-- Opening Marker --

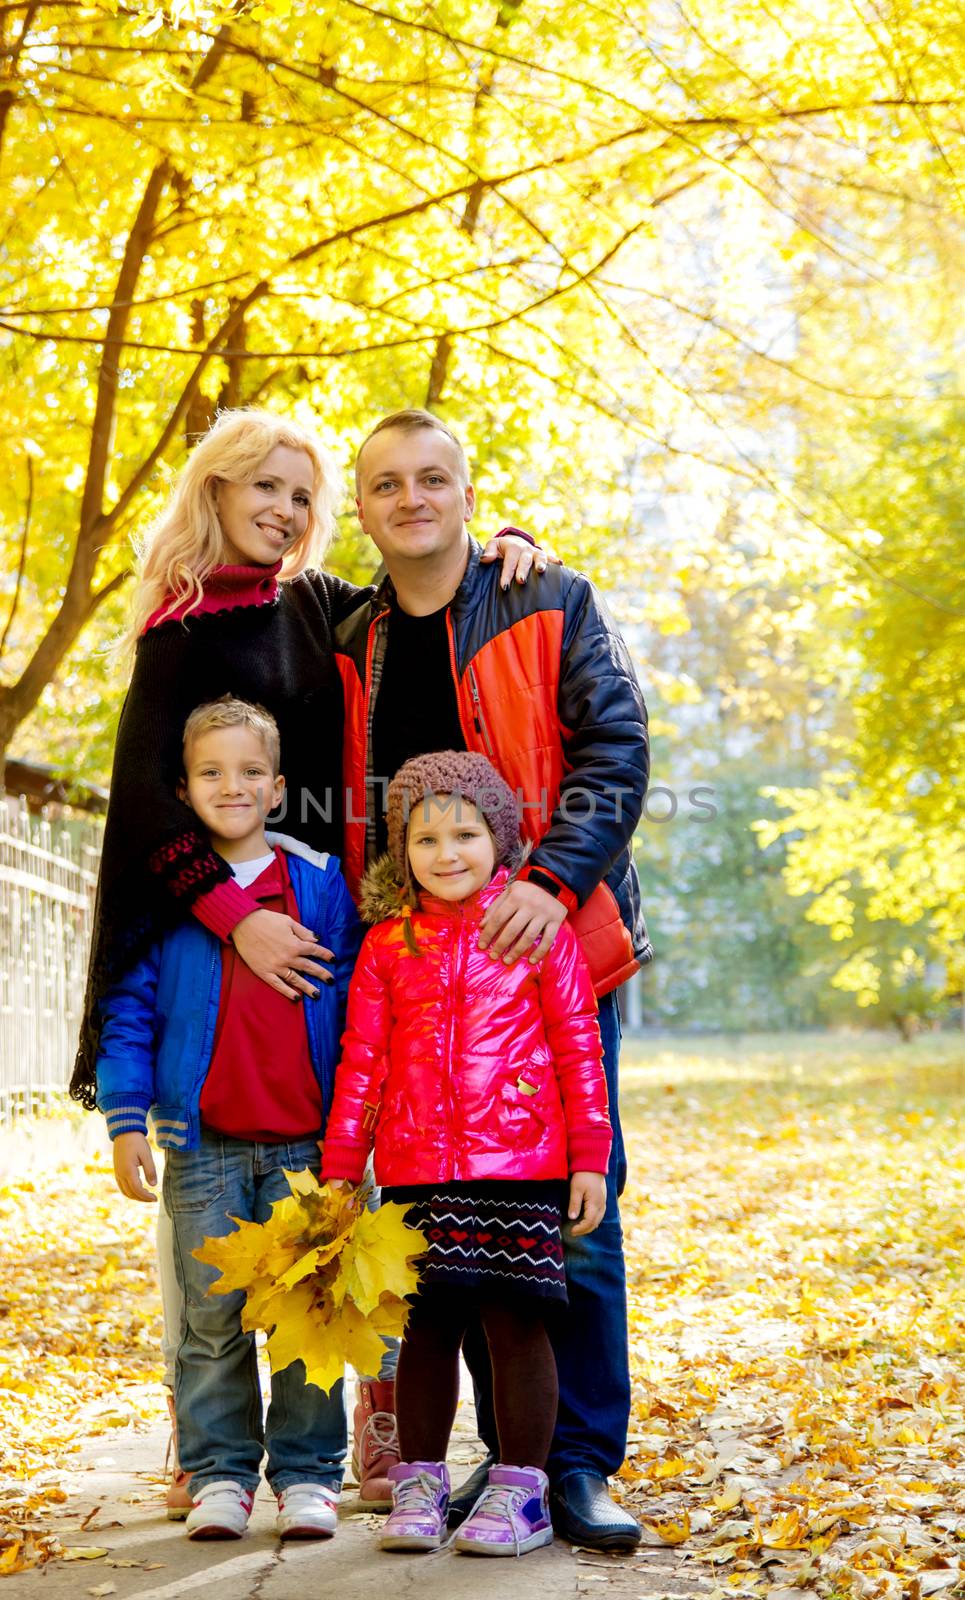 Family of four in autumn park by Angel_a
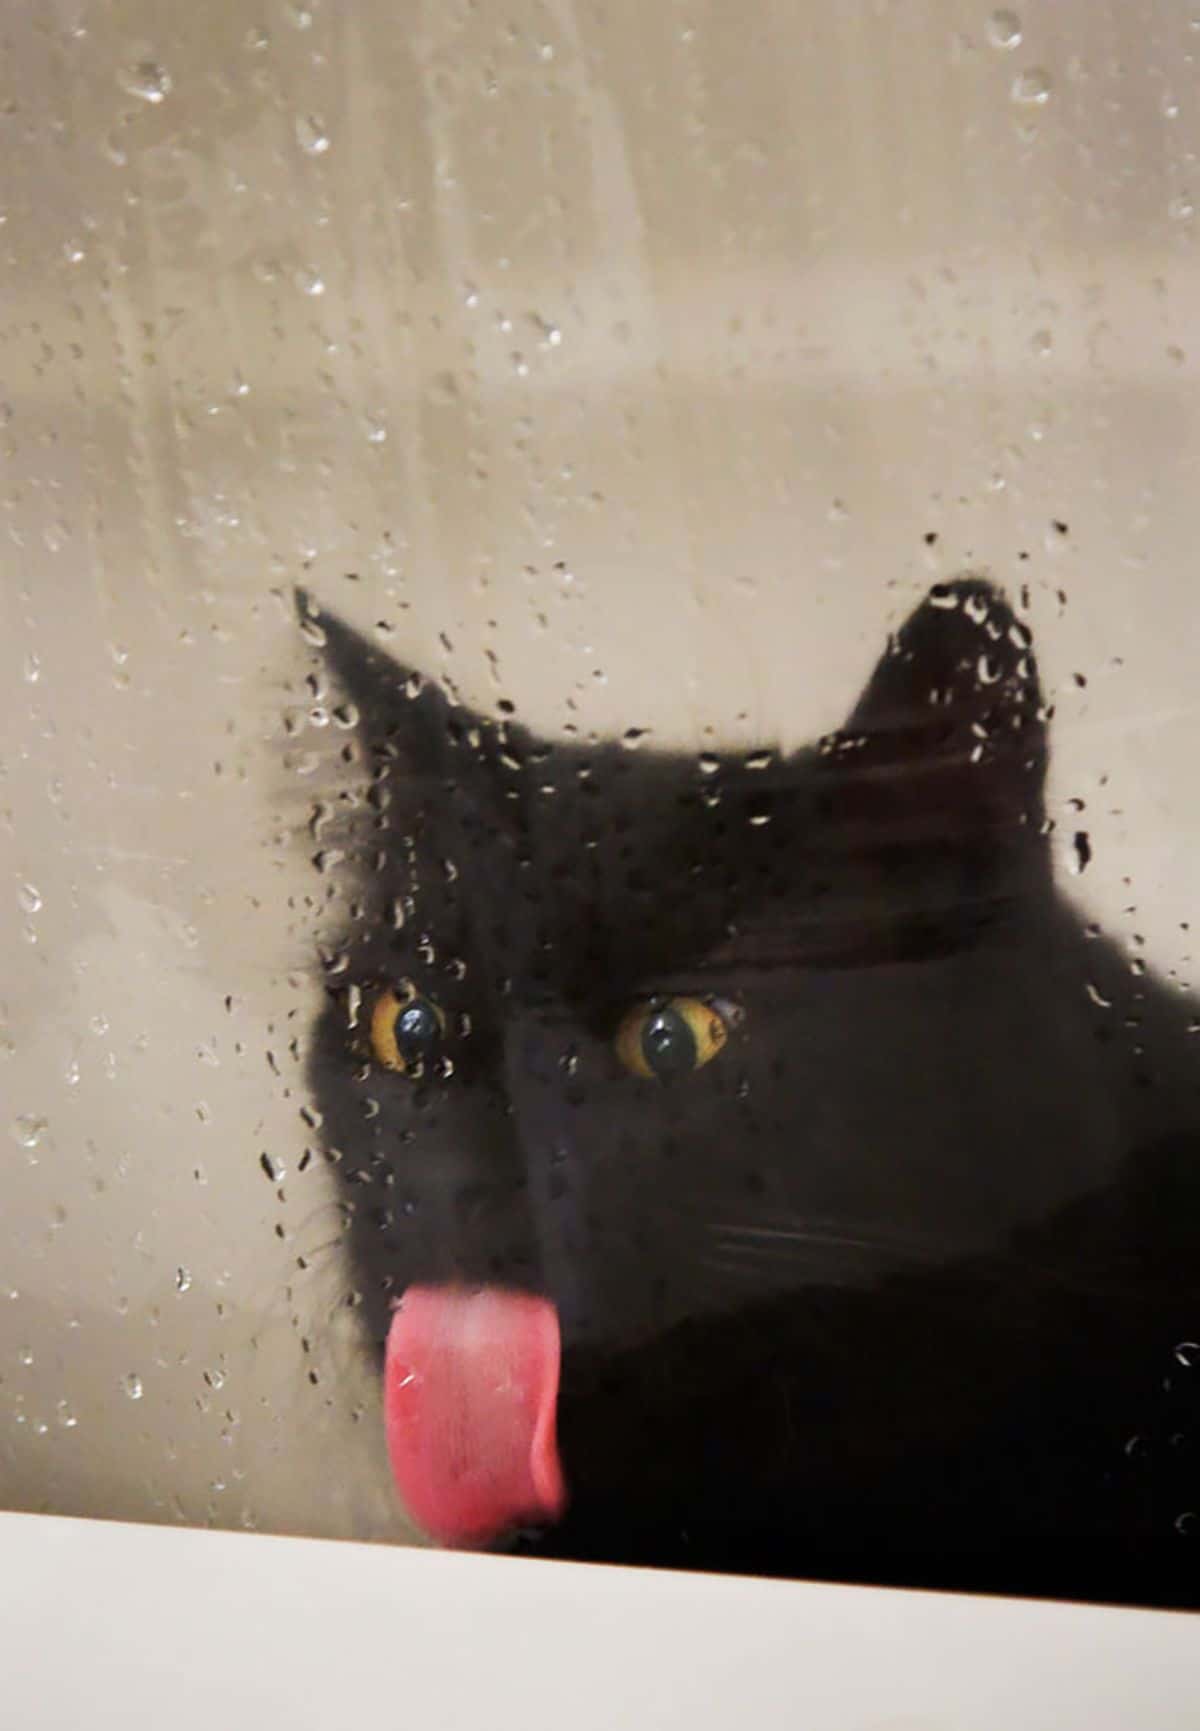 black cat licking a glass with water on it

-- Closing Marker --
-- Opening Marker --

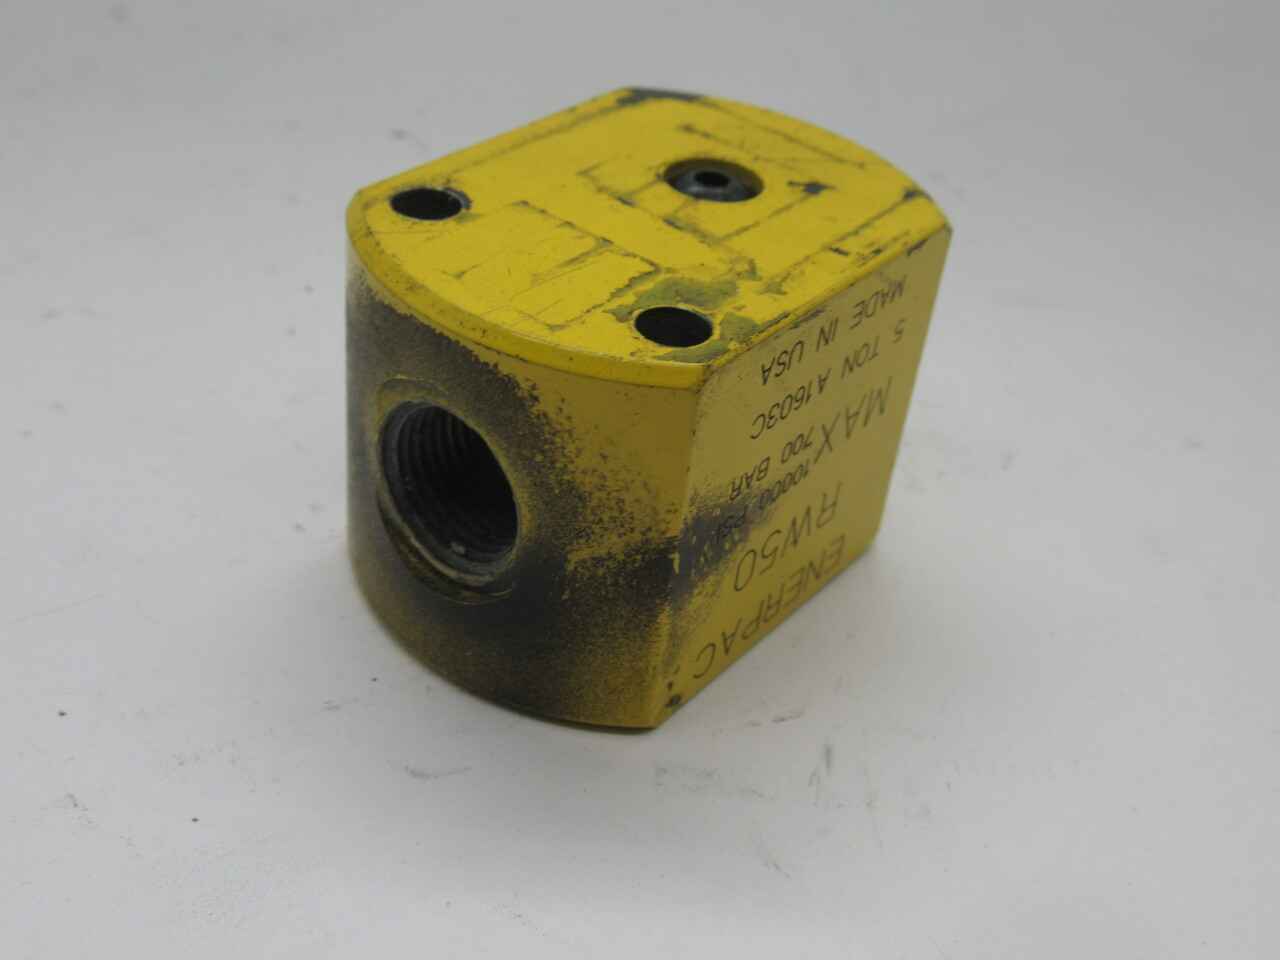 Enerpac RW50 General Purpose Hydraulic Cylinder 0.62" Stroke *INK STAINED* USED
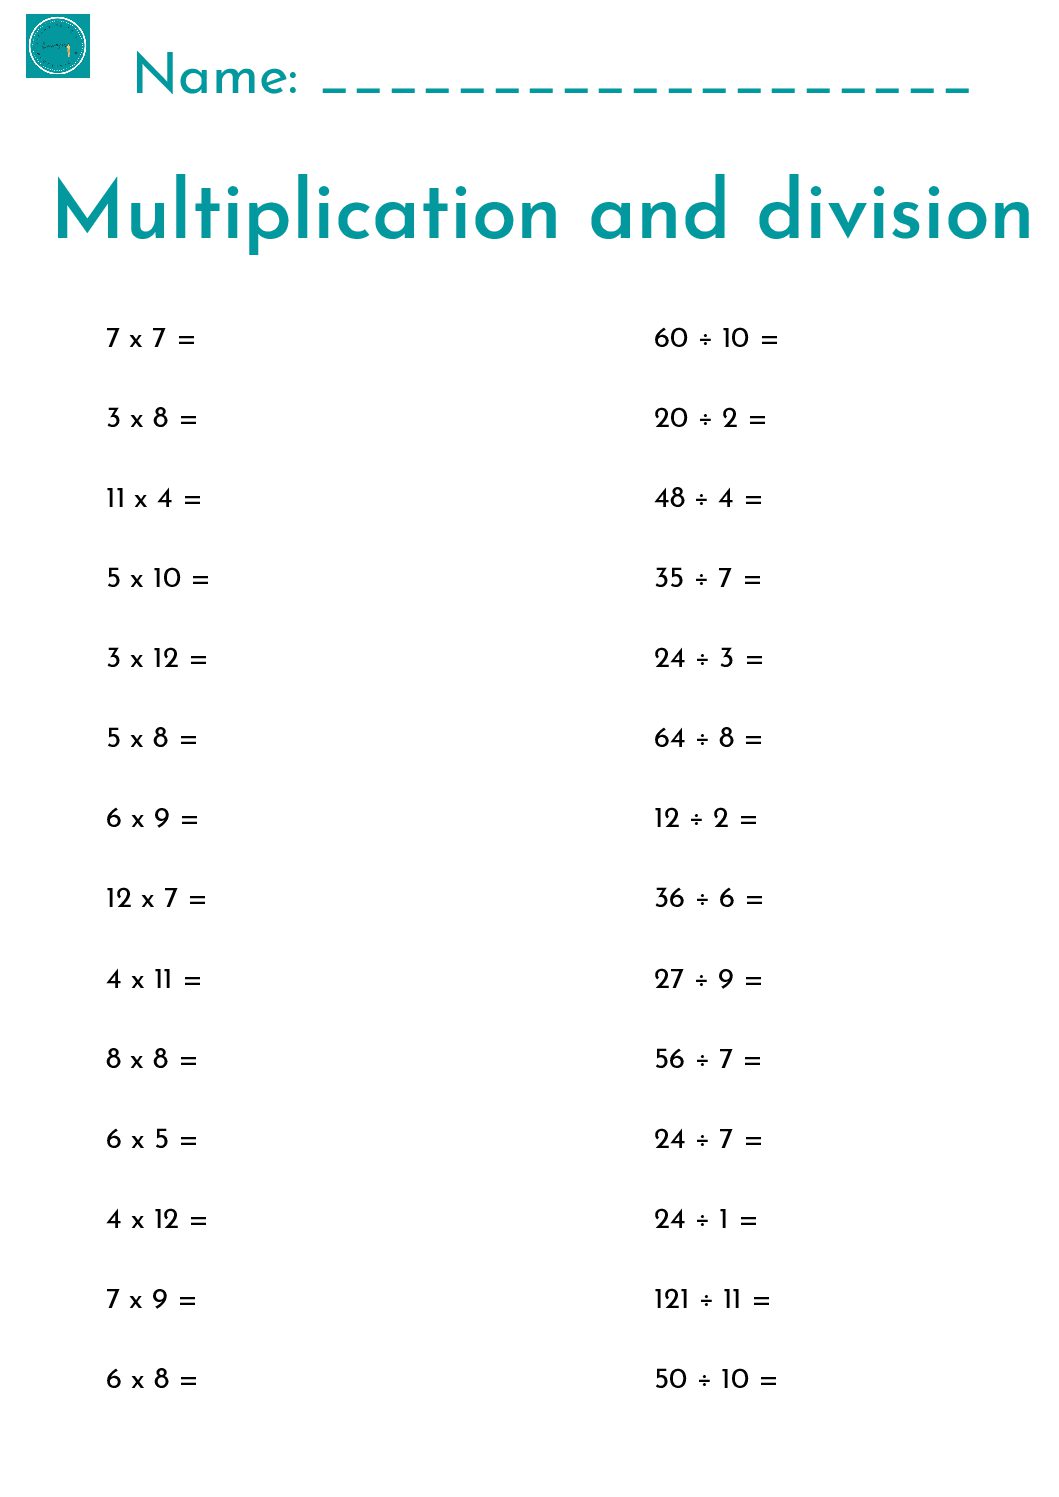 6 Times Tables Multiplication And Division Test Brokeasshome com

-- Closing Marker --

Return exactly the lines of the material above, starting at the line containing "Family of four in autumn park by Angel_a" and finishing at the line containing "black cat licking a glass with water on it", without any pictures.

Answer section:
 Family of four in autumn park by Angel_a
 black cat licking a glass with water on it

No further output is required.